System imbalance forecasting and short-term bidding strategy to minimize imbalance costs of transacting in the spanish electricity market

Abstract

Energy imbalances can represent a significant cost for agents transacting in markets that penalize participants’ imbalances. In markets with increasing penetration of intermittent renewable sources of energy (RES‐E), system imbalances can not only be costly, but also increase, as is the case for the Spanish power market. Market participants, especially those trading non‐dispatchable energy, are therefore interested in minimizing this cost while simultaneously maximizing their profits. A lot of work has been developed around the forecast accuracy and uncertainty of RESE production to determine bidding strategies that minimize imbalance costs, especially for wind power trading. Challenges inherent to agents specialized in power trading and/or retailing activities, especially wind power trading of energy produced by third parties or retailing to small consumers means that applying strategies that rely on production forecasts may not be sufficient. In this master thesis we considers those challenges by developing an optimized bidding strategy that reduces the expected imbalance cost for a real case‐study of a Spanish energy trader/retailer based on a forecast of the system´s imbalance volume and past imbalance costs, while using new information available after the day‐ahead market gate closure for participation in the intra‐day market to influence the imbalance volume of the agent’s portfolio towards the direction that reduces their potential imbalance cost.

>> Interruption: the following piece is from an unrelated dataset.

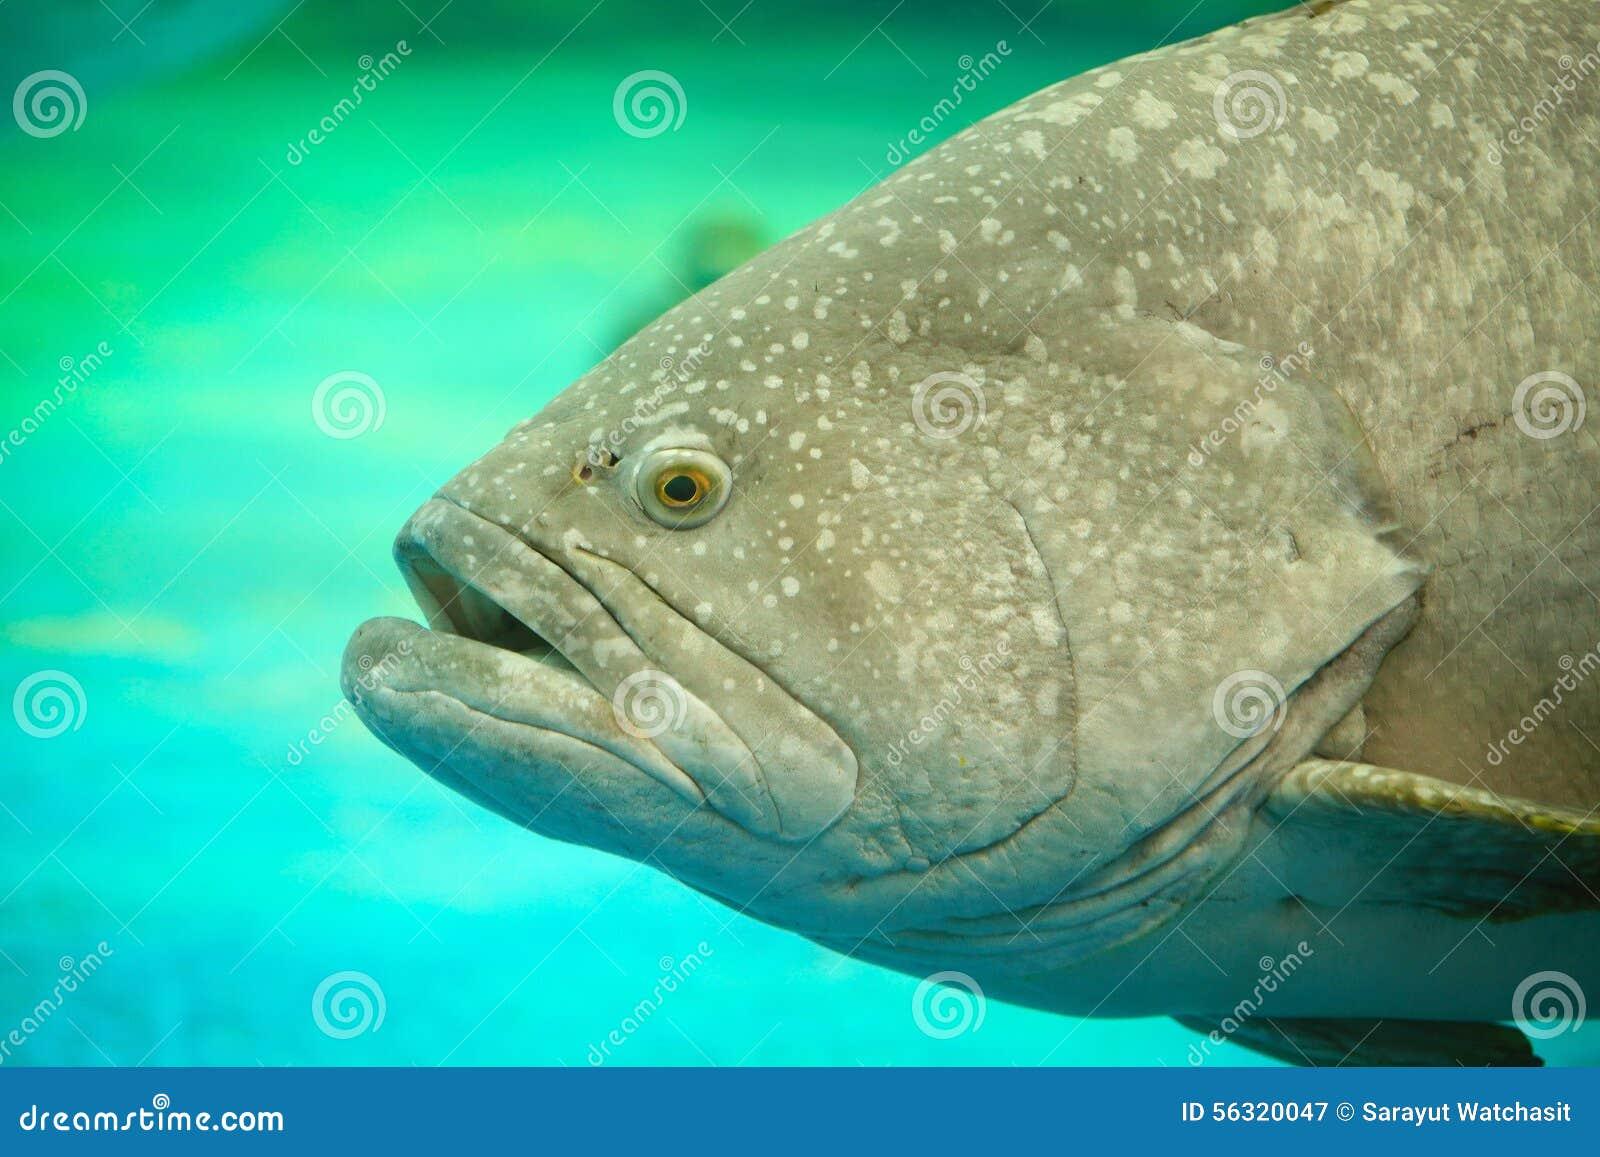 Atlantic Goliath Grouper Stock Image Image Of Artificial 56320047
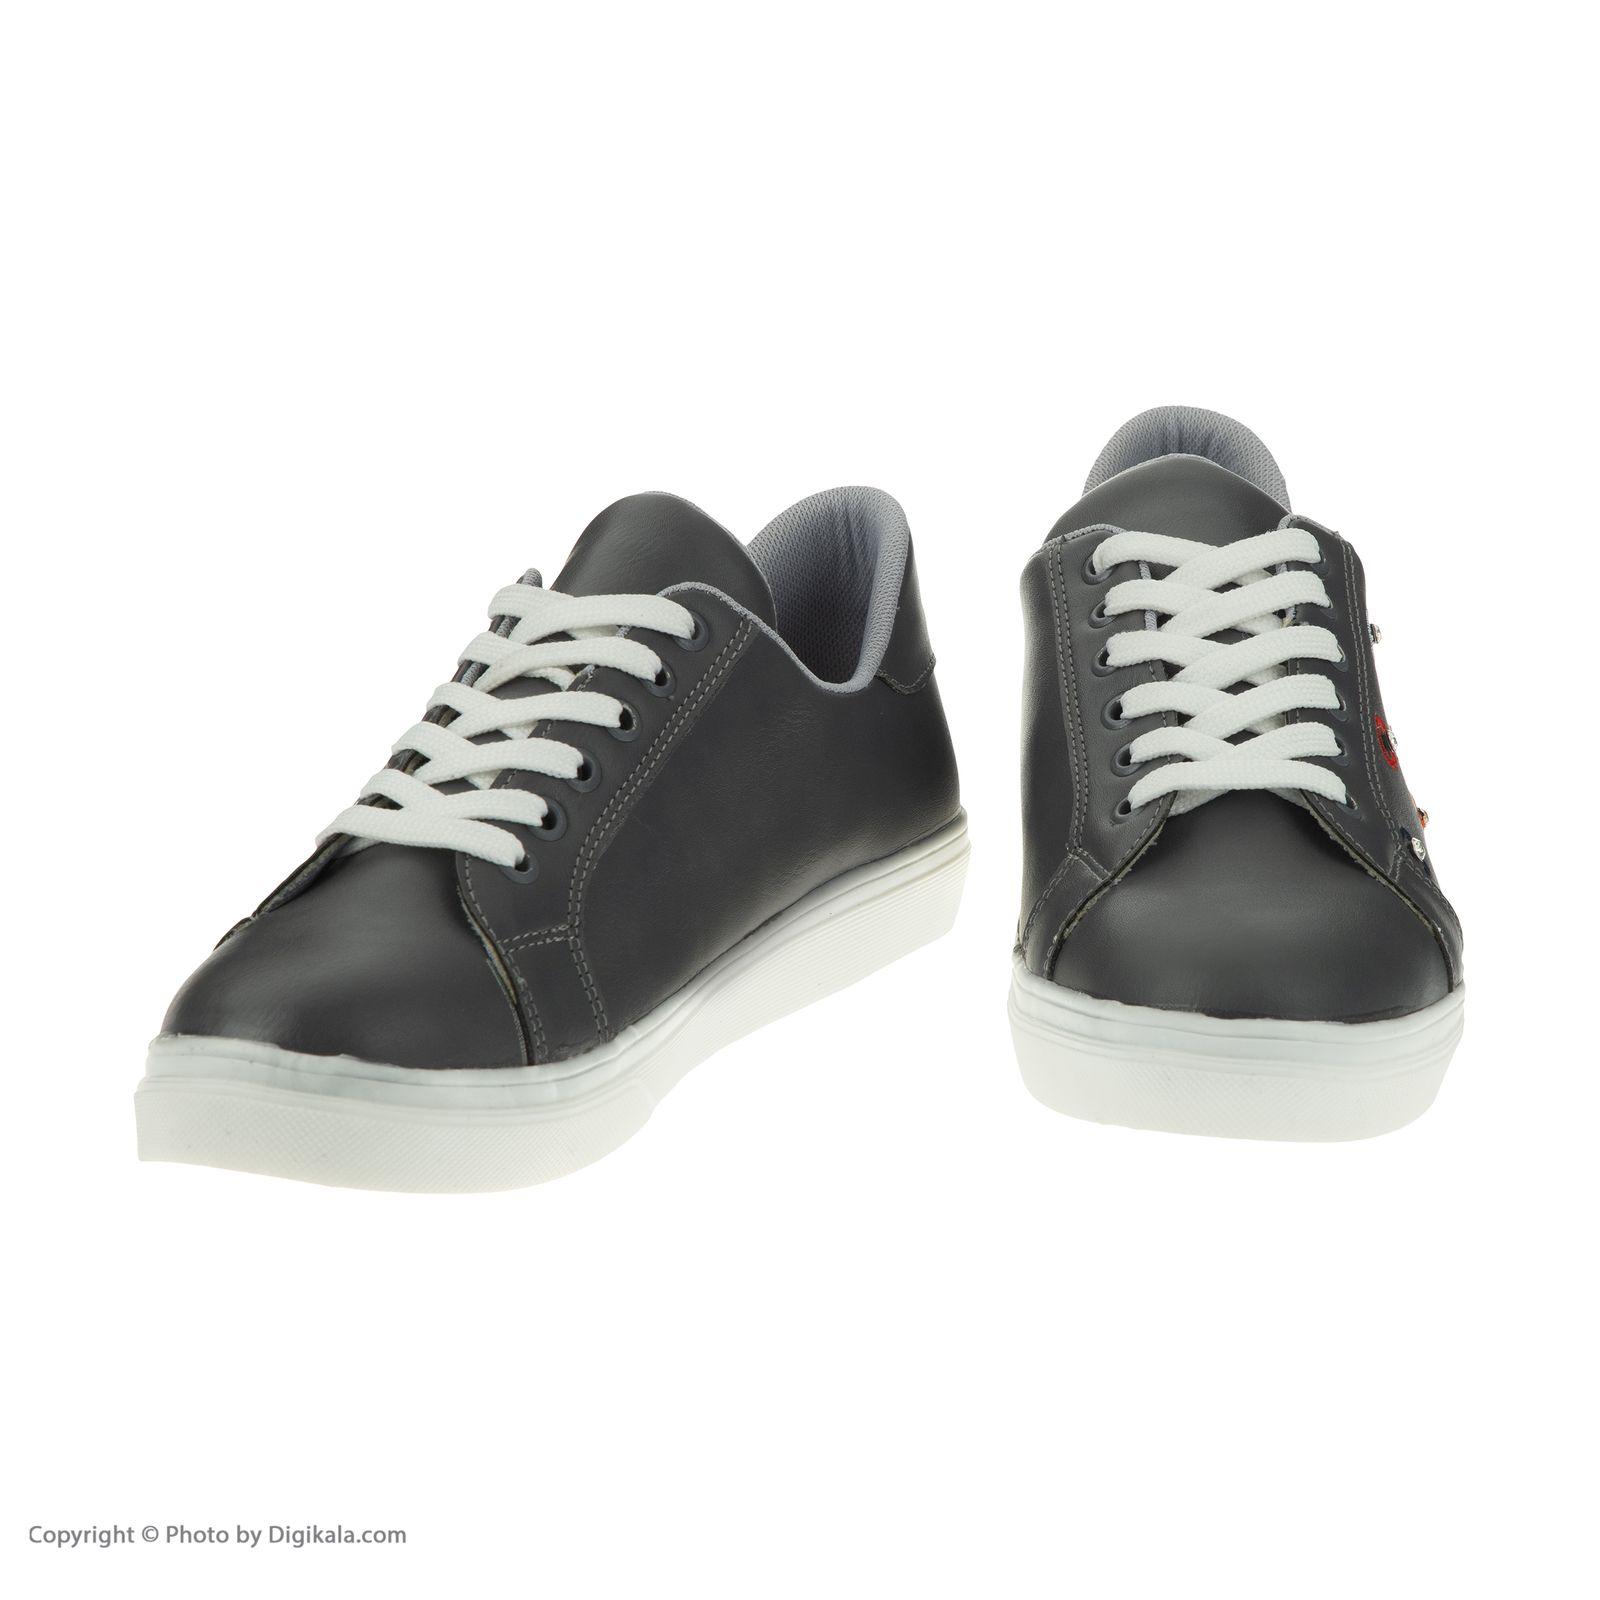 کفش روزمره زنانه مدل 4013 -  - 4

This strategy does not replace accurate forecasting but considers the practical aspects of energy traders/retailers with numerous small clients who cannot operate production units. The strategy can be applied from the perspective of both a trader and retailer. We have developed an advanced model based on random forest technique to forecast the system imbalance and used a genetic algorithm to apply the bidding strategy that minimizes the imbalance costs based on system imbalance forecasts and past imbalance costs. The proposed strategy application using new information available after the dayahead gate closure outperforms its application in the pre‐day‐ahead market.